The Washington Post says that he had a heart attack while driving and crashed his car. It’s unknown whether he died of the heart attack or injuries sustained during the crash.
Born in in Cleveland in 1940, Heller went into the music business after a stint in the Army and earning a business degree from the University of Southern California. He ran the rock departments at two agencies — ABC and Chartwell — before launching his own, the Heller-Fischel Agency, in 1970. Billboard’s obituary says that he was an agent for Creedence Clearwater Revival and promoted the first U.S. tours by both Elton John and Pink Floyd. An article in the Nov. 6, 1971 issue of Billboard, which focuses on the emergence of smaller agencies like his, lists Crosby, Stills, Nash & Young (and their various iterations) and the Guess Who among his clients. It’s also been reported that he worked with Black Sabbath and the Who.
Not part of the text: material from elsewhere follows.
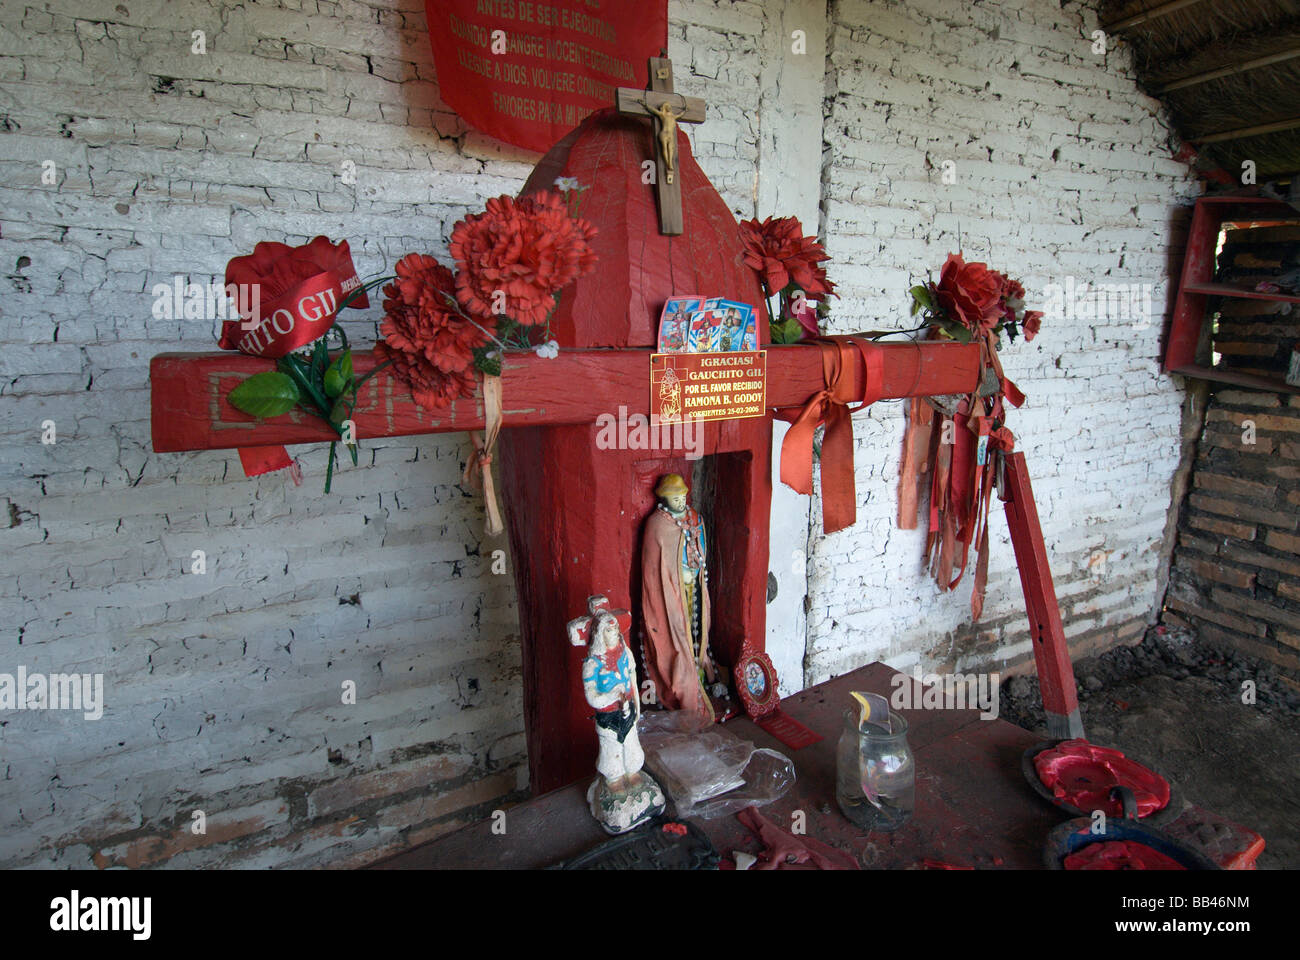 A shrine to Gauchito Gil, a  religious cult figure in Argentina,  popular especially amongst rural workers and gauchos in the No Stock Photo

“I’ve been in the business for six decades,” he told Rolling Stone. “I’ve probably represented almost every major artist in the world, either directly or peripherally, at one time or another.”
In the mid-‘80s, however, he branched out into hip-hop and co-founded Ruthless Records with Eazy-E of N.W.A., whom Heller managed. Through their work together, West Coast gangsta rap flourished commercially and became controversial for the depictions of violence and misogyny in its lyrics. But he had a falling out with the band, in particular Ice Cube, over money.
In 2006, Heller wrote his autobiography, Ruthless: A Memoir. The book addressed many of the controversies surrounding his time with N.W.A. In the 2015 N.W.A. biopic, Straight Outta Compton, Heller was portrayed by Paul Giamatti. The depiction caused Heller to file a $110 million defamation lawsuit against the producers, but all-but one of Heller’s claims were dismissed.